Hayatta kısa süreliğine de olsa yaptığımız bazı şeyler vardır. Bazen bunlar bizim kurtuluşumuz olurken, bazen de asla başımıza gelmemesi gereken hatalara yol açarlar. Peki ya bunların olmasını nasıl engelleriz, ya da asıl soru bunları engellemek istiyor muyuz?
İnsanı insan yapan içinde sürekli savaştığı iki yönüdür. Bir tarafımız iyiliğin getirdiği mutlulukla sefa sürerken diğer tarafımız kendisini korumak amacıyla çevresine kendini kapatmış durumdadır.

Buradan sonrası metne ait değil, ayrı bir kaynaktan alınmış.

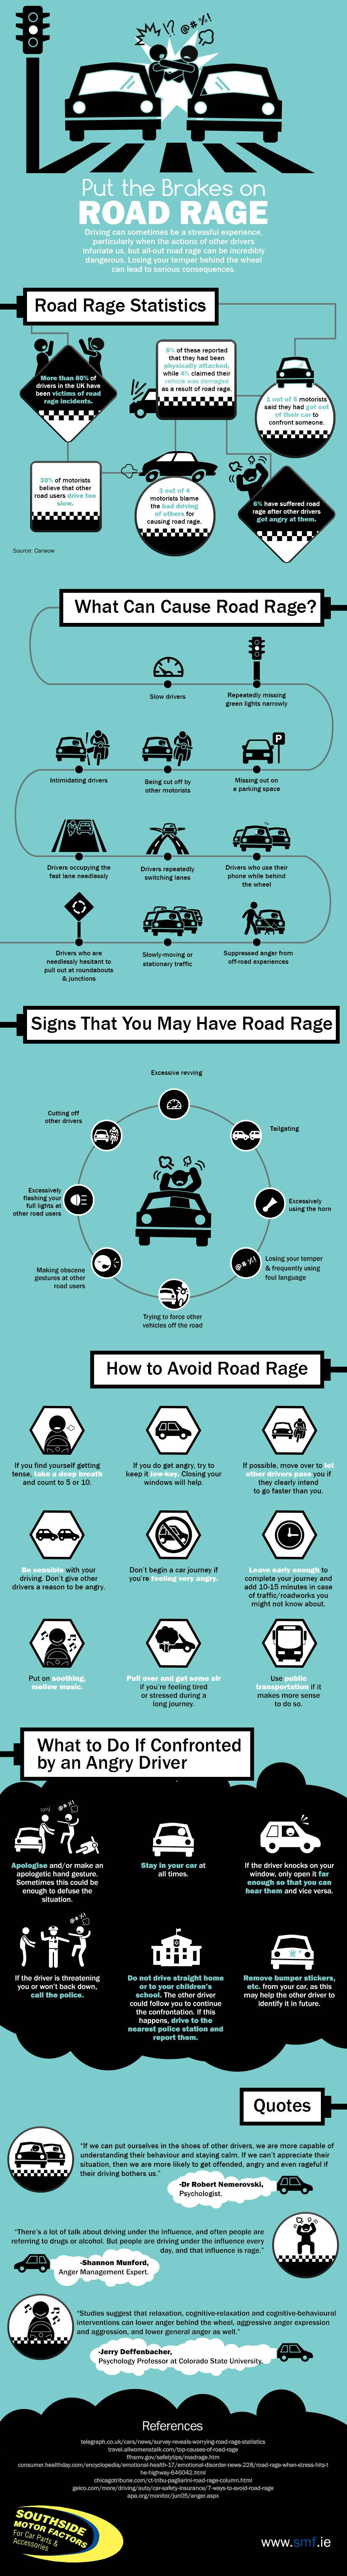 road-rage-infographic

Tabii her şey asla bu kadar basit olmaz. Sonuçta kötü veya iyi olarak nitelendirdiğimiz duygudan bir tane yok değil mi? Ya da bu duygular neye göre kime göre iyi veya kötüler? Yıllar boyunca insanların konuştukları şeyler yüzünden her şey belli bir kalıba girmişken neyi, nasıl ayırt edeceğimize nasıl karar verecektik ki?
İşte bugün burada sizlerle tam olarak bunu paylaşmak istiyorum. Dile getirilmemiş ya da bakış açısı yüzünden linç yemiş duyguları, olayları konuşacağız. Buraya içimiz dökeceğiz; kimsenin baskısı altında olmadan, ne düşünürler diye umursamadan.
Şimdi senden istediğim sevgili okurum, bunları okumak istediğinden emin olman. İçine dalıp okuyacağın bu satırlardaki sorulara cevabın olabilecek mi ya da onları çözebilip beni anlayabilecek misin?
En önemlisi de… kendinin farkına varabilecek misin?